Полная глухота, полная глухота – она же – твоя философия,
драматизм симфонизма, темперамент, блеск, богатство и глубина,
масштаб, неистощимость мятежного духа,
размах, динамика, темп, контраст,
экстремумы восприятия, экстаз и молитва –
нерушимая глухота, нерушимая глухота –
с кончиков пальцев льются зеркальные отблески
фортепьянной сонаты, искры борьбы с тканью звука,
отголоски неразборчивых черновиков.
Свинцовая тяжесть волн.
Заговорили метель, ночь, треснутый лёд чёрного неба.
Налились вечерним вином глаза, и вспыхнул мозг
умирающей полусферой граната исчезающего горизонта.
Сломанный ветер расправил связки нордовых крыльев
и опрокинул дикую нежность восторга, дерзкое игрище
рваного пламени, фиолетовый рёв неизречённой мглы.
Безлюдное откровенье пустыни,
обрамлённое золотой слепотой песка.
Опавшая алым созвездием дня
роза в груди прохожего пилигрима,
впивающаяся шипами боли и красоты
в грудную клетку туманной дороги.
Глаза, уставшие от отражённого камня,
камня света на мёртвых фигурах фасадов.
Воздушно-дождливая осень в листопаде свинцовых окон.
Дрожащая тень руки у источника полдня.
Великая жертва, пепел прощения и раскалённое олово слёз.
Женщина, подарившая ленточку поцелуя объятьям горькой весны.
Колоннада аккордов, рассекающая тишину –
голос преодоления, зрелище красноречивых масок и бойких на слог тонов.
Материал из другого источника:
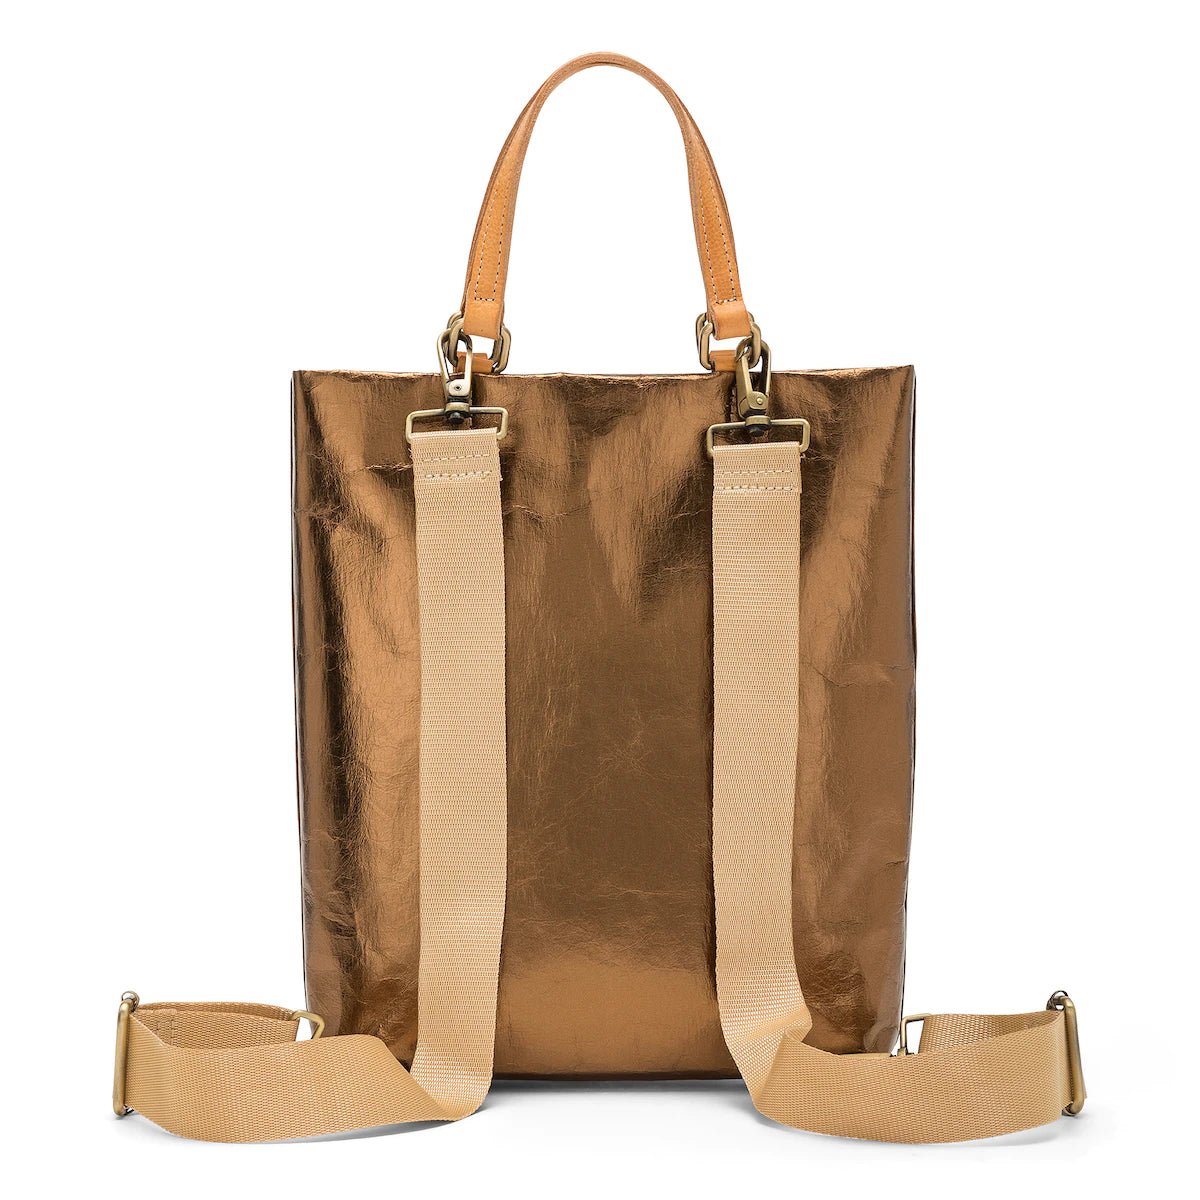 A rectangular tote bag backpack is shown from the back angle. It features two top tote handles, and two adjustable canvas shoulder straps. It is metallic bronze in colour.

Река времени, окрылённая веером неотвратимой смерти,
кипящая последней надеждой, последним вдохом прозрачного холода.
Сны безумия, одержимость судьбой, возмездие, отчаянье, сопротивление.
Шаги пустоты за абсолютной стеной, и нестерпимая
полнота жизни, обращающаяся полной луной одиночества.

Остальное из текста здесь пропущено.